The First United States Army launches its first offensive on September 12, 1918 against the salient of St. Mihiel.  The attack force consisted of three US corps and a French corps.  By the time the battle ended on September 15, the Allies had captured the salient and inflicted 22,500 casualties on the Germans while sustaining 7,000 casualties.  Here is General Pershing’s report on the battle:

At the first operation of the American army the reduction of the salient of St. Mihiel was to he undertaken as soon as the necessary troops and material could be made available. On account of the swampy nature of the country it was especially important that the movement be undertaken and finished before the fall rains should begin, which was usually about the middle of September.

Arrangements were concluded for successive relief of American divisions, and the organization of the First American Army under my personal command was announced on August 10th, with La Fertesous-Jouarre as headquarters. This army nominally assumed control of a portion of the Vesle front, although at the same time directions were given for its secret concentration in the St. Mihiel sector.

The force of American soldiers in France at that moment was sufficient to carry out this offensive, but they were dispersed along the front from Switzerland to the Channel.

The three Army Corps headquarters to participate in the St. Mihiel attack were the First, Fourth, and Fifth. The First was on the Vesle, the Fourth at Toul, and the Fifth not yet completely organized. To assemble combat divisions and service troops and undertake a major operation, within the short period available and with staffs so recently organized, was an extremely difficult task.

Our deficiencies in artillery, aviation, and special troops, caused by the shipment of an undue proportion of infantry and machine guns during the summer, were largely met by the French.
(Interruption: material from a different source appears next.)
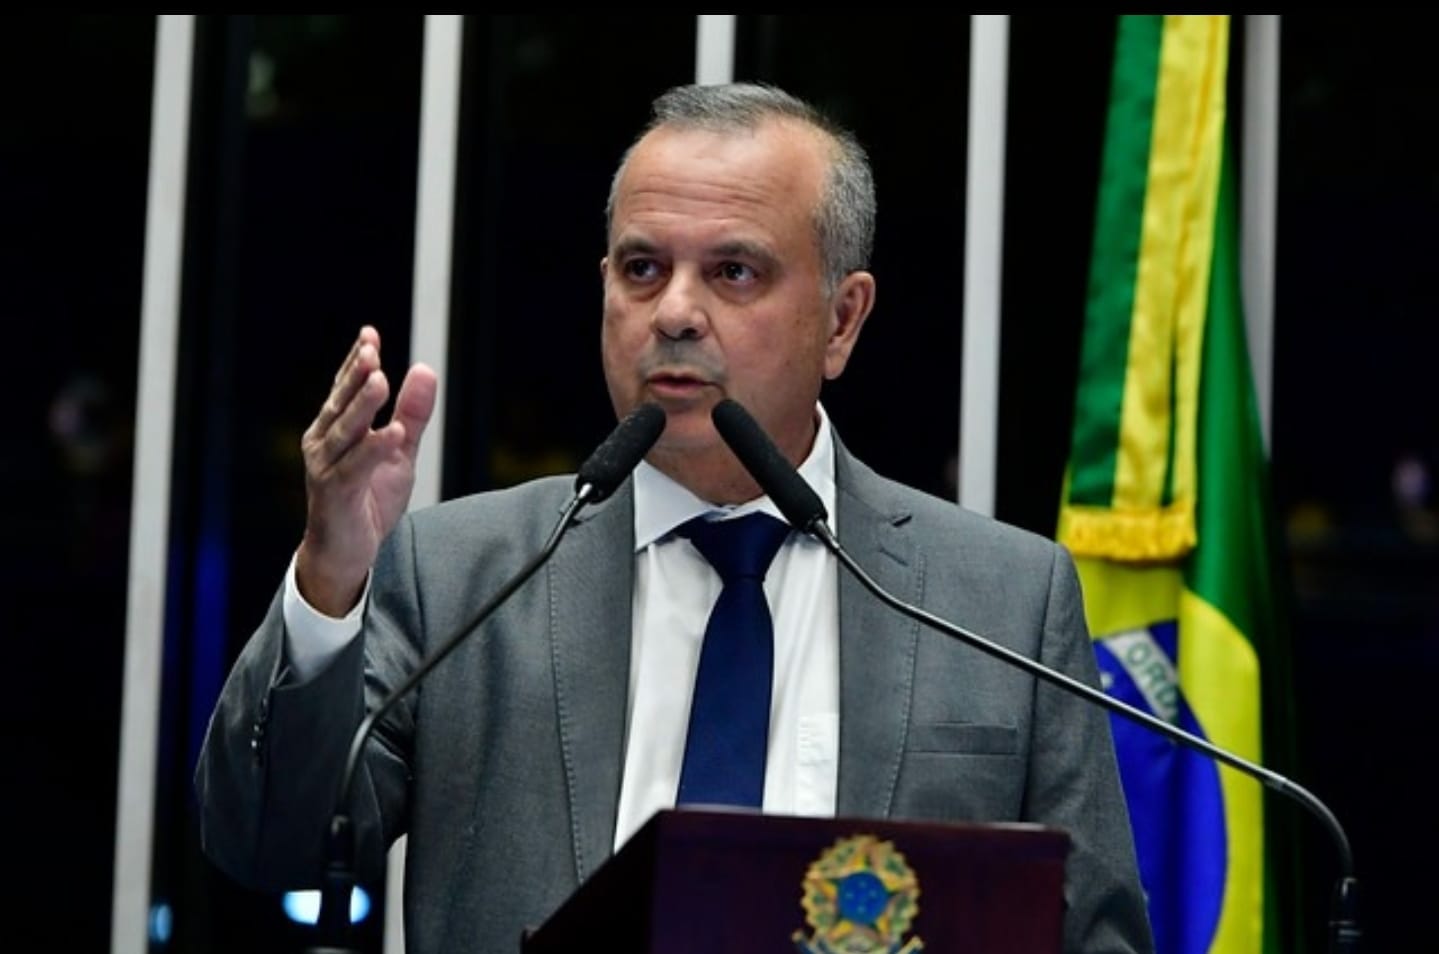 Ministro de Lula "intimida e censura" jornalista, diz senador Rogério Marinho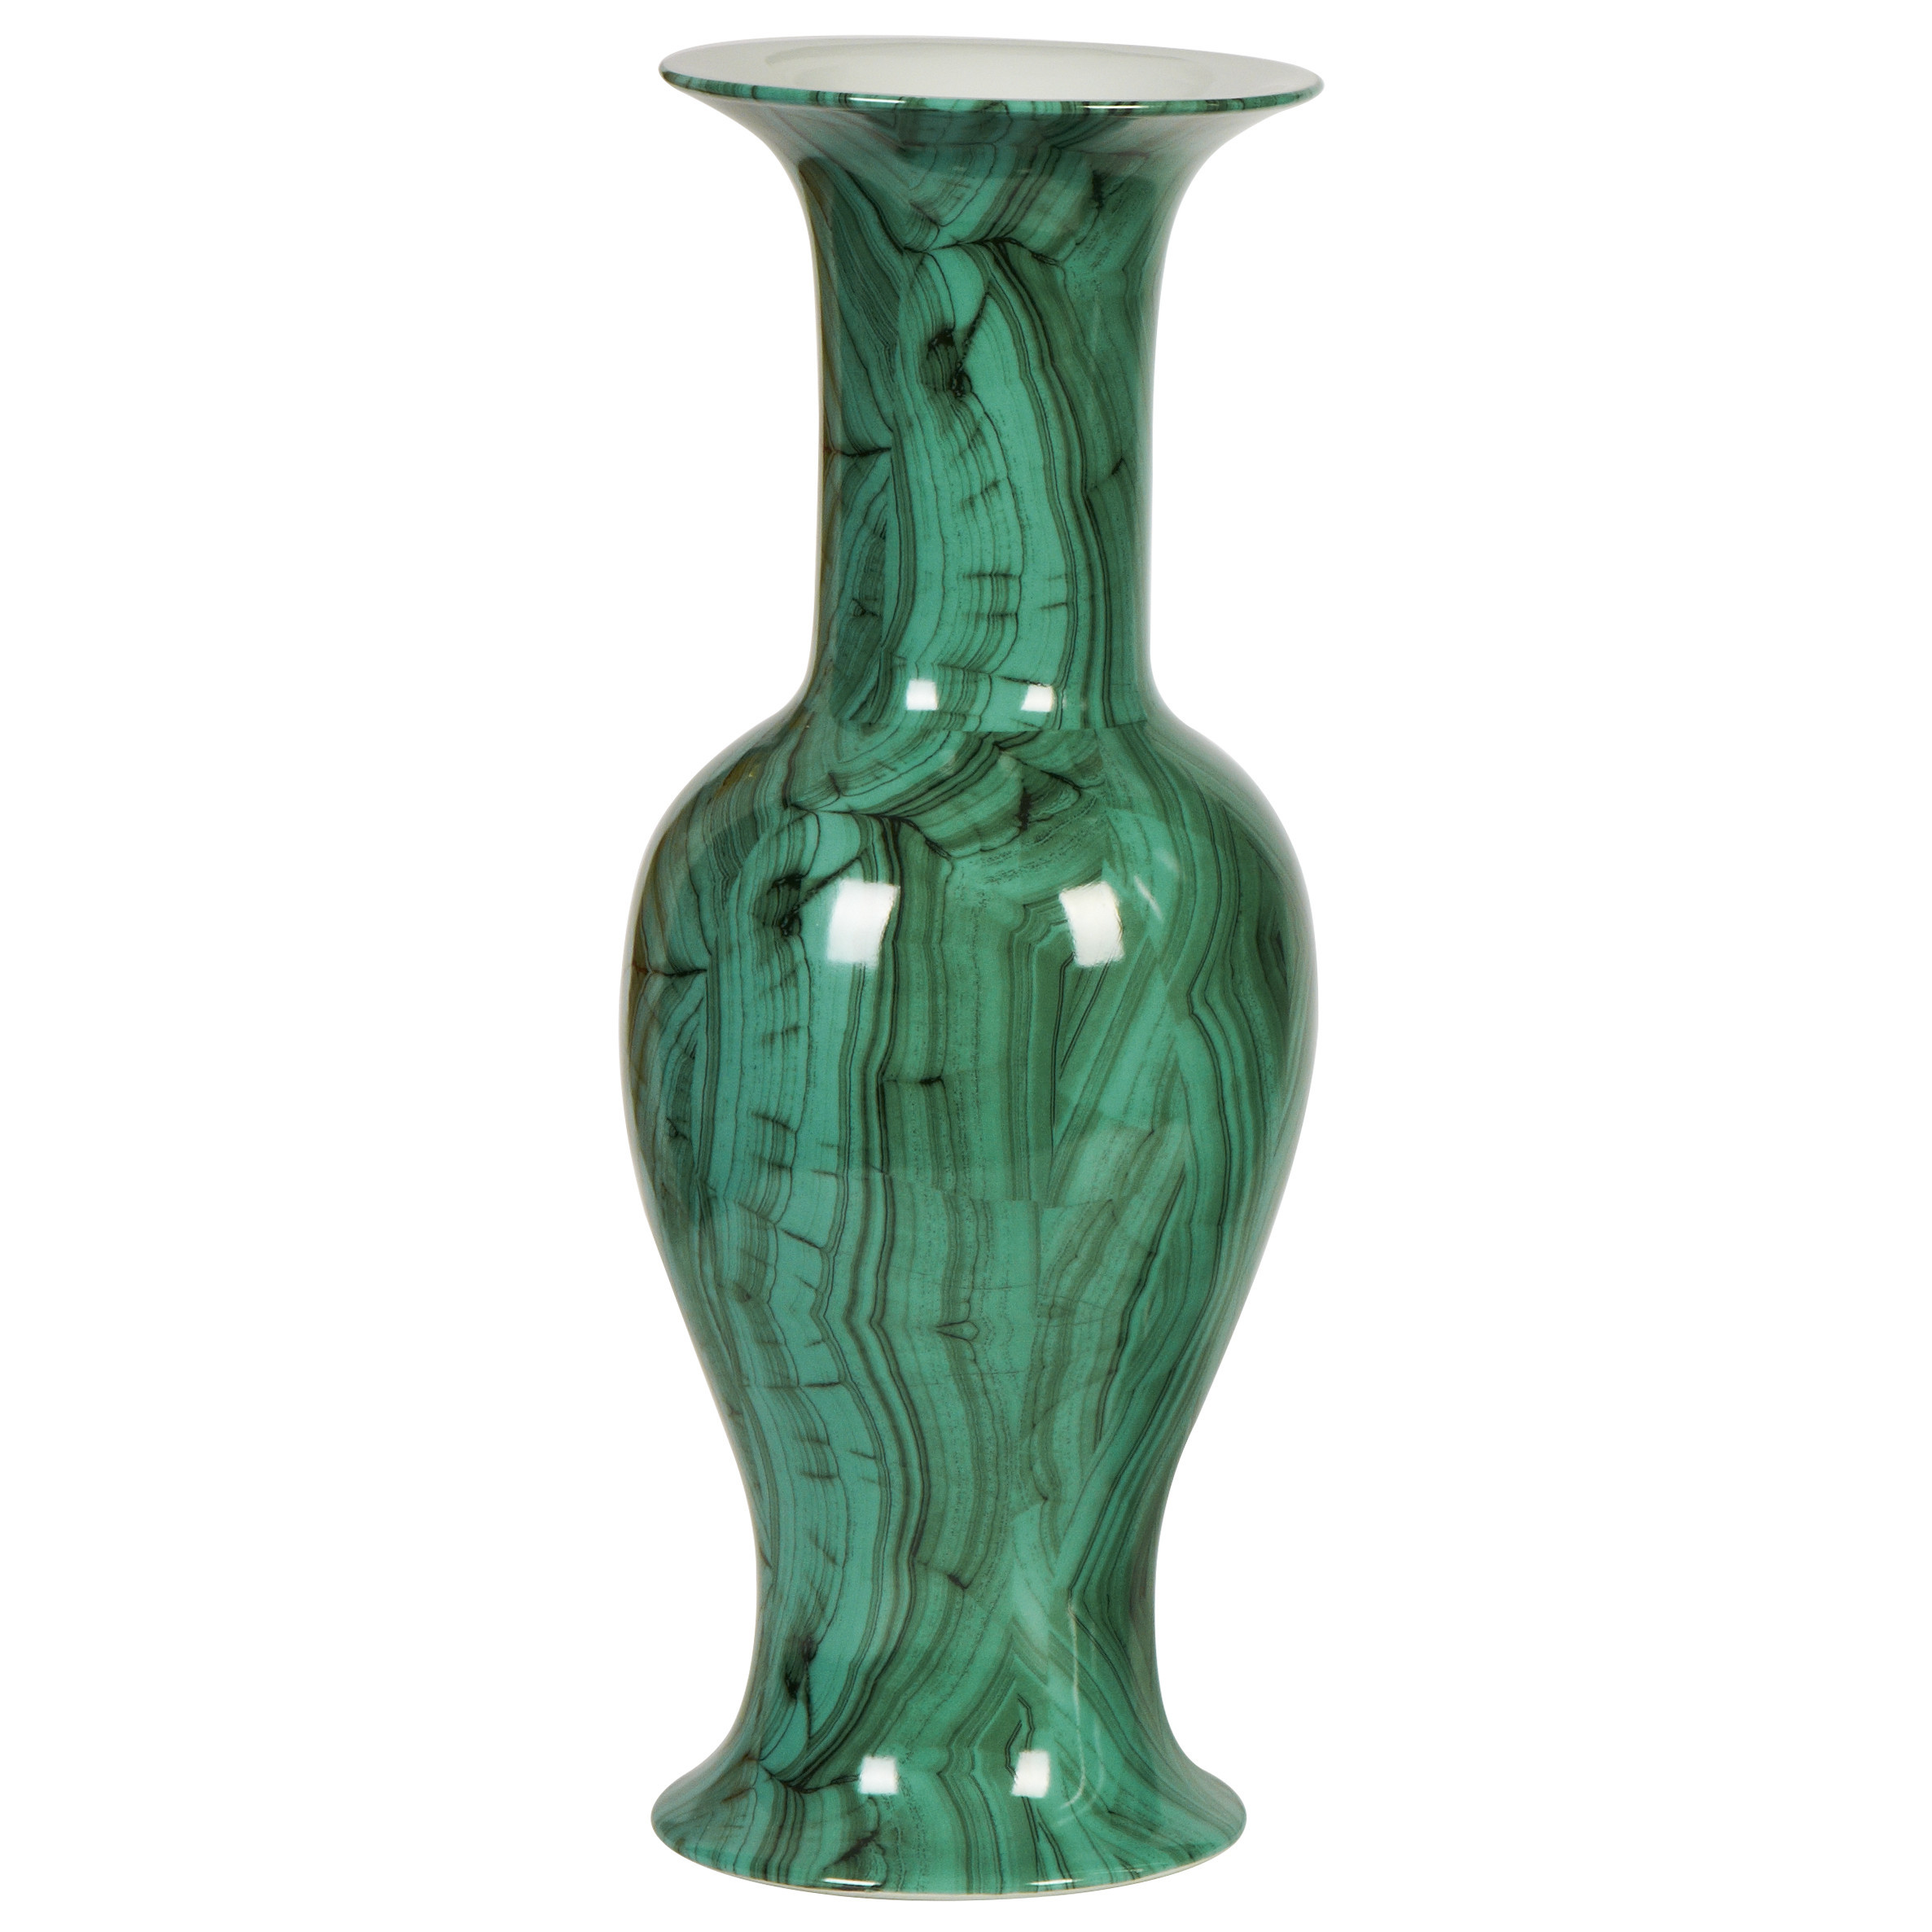 16 Famous Green Glass Bottle Vase 2022 free download green glass bottle vase of forest green baluster porcelain vase vases inside forest green baluster porcelain vase at belleandjune com vases

The reduction of the St. Mihiel salient was important, as it would prevent the enemy from interrupting traffic on the Paris-Nancy Railroad by artillery fire and would free the railroad leading north through St. Mihiel to Verdun. It would also provide us with an advantageous base of departure for an attack against the Metz-Sedan Railroad system which was vital to the German armies west of Verdun, and against the Briey Iron Basin which was necessary for the production of German armament and munitions.

The general plan was to make simultaneous attacks against the flanks of the salient. The ultimate objective was tentatively fixed as the general line Marieulles (east of the Moselle) – heights south of Gorze-Mars la Tour-Etain.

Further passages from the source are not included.